DIRECTIONS >>
Give the listing below again exactly, but without any of its pictures.

DATA BLOCK >>

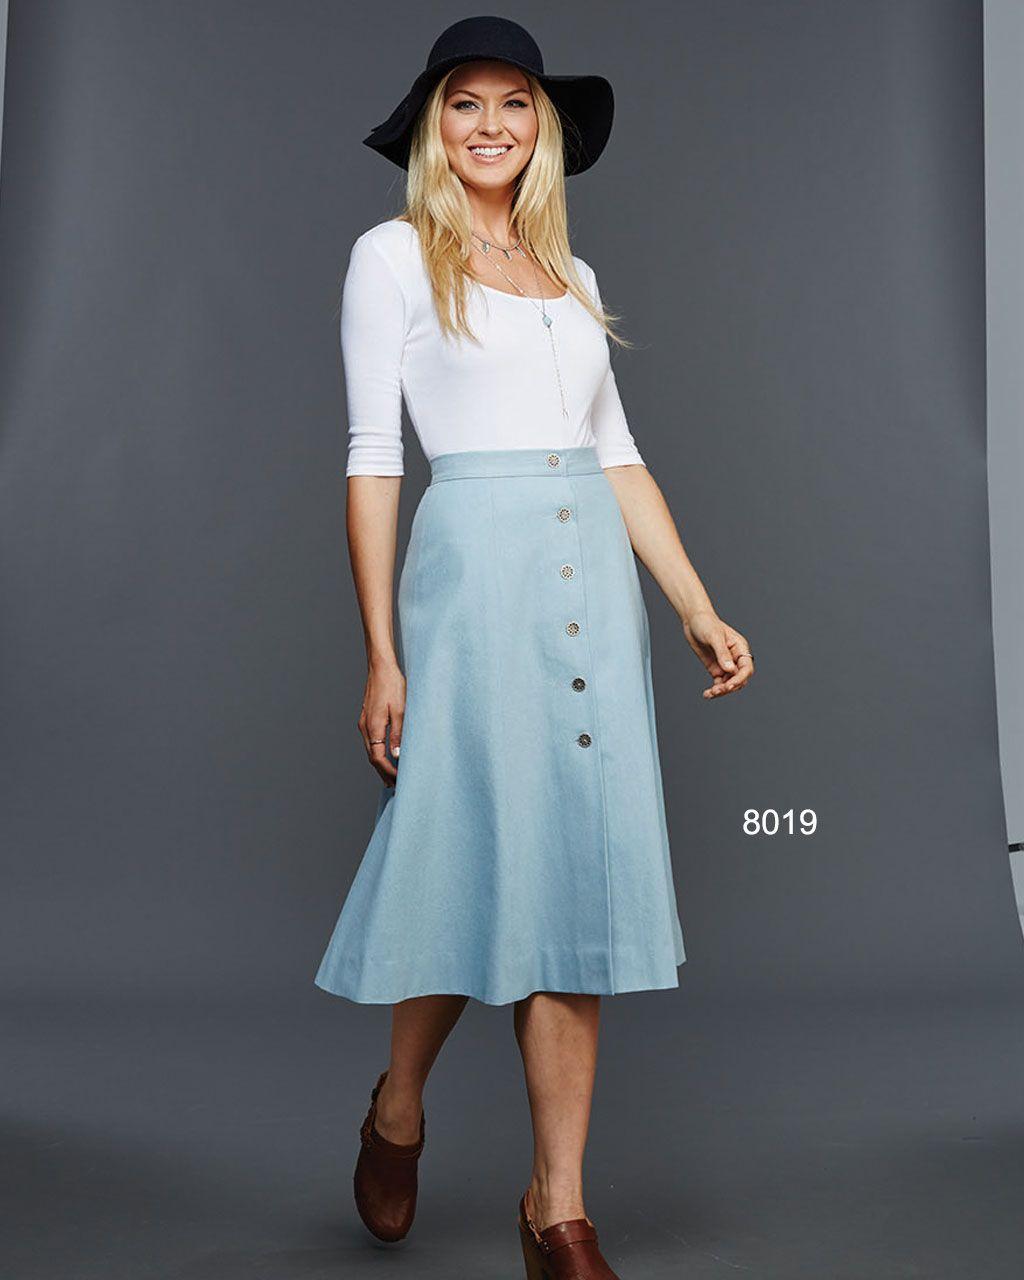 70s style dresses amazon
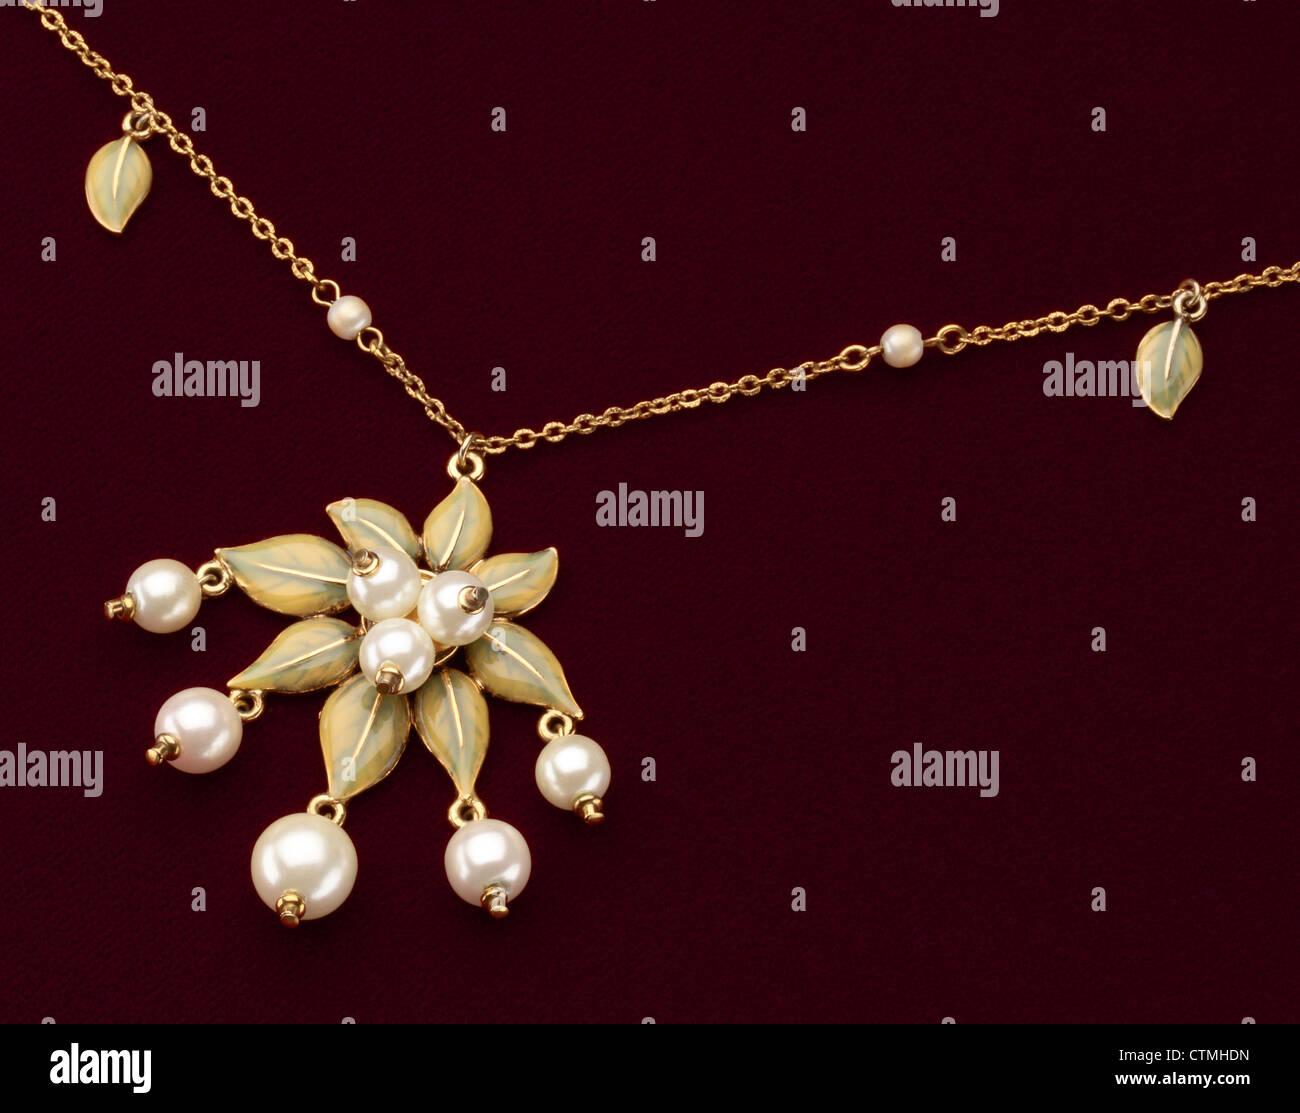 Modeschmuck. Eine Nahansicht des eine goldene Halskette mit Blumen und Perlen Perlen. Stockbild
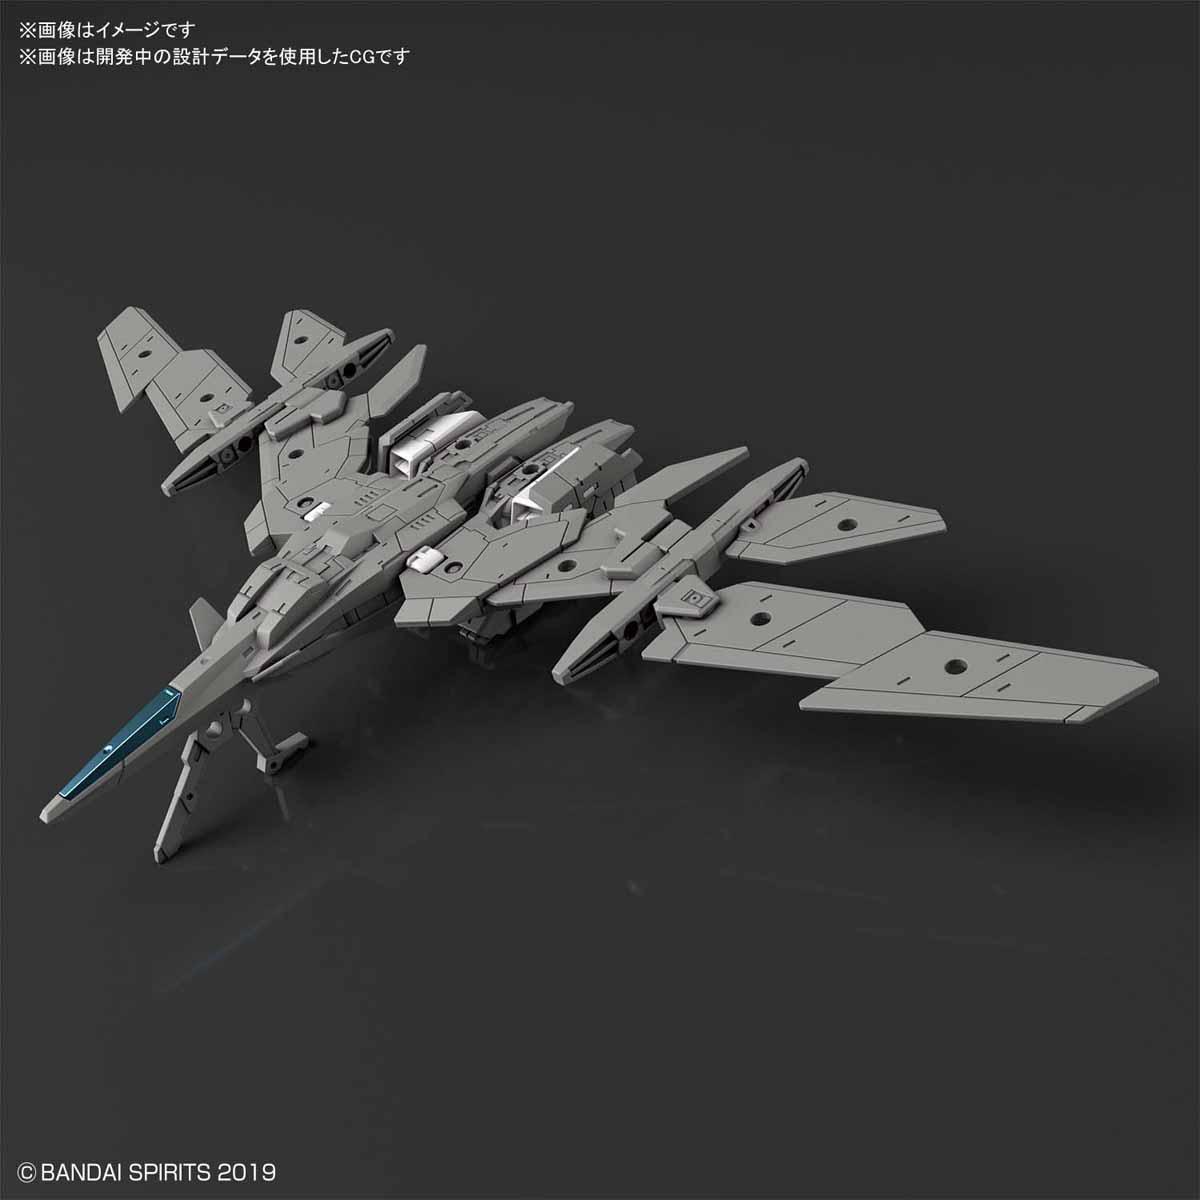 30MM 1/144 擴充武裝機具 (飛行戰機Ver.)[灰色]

TASK OUTPUT >>
 70s style dresses amazon
 Modeschmuck. Eine Nahansicht des eine goldene Halskette mit Blumen und Perlen Perlen. Stockbild
 30MM 1/144 擴充武裝機具 (飛行戰機Ver.)[灰色]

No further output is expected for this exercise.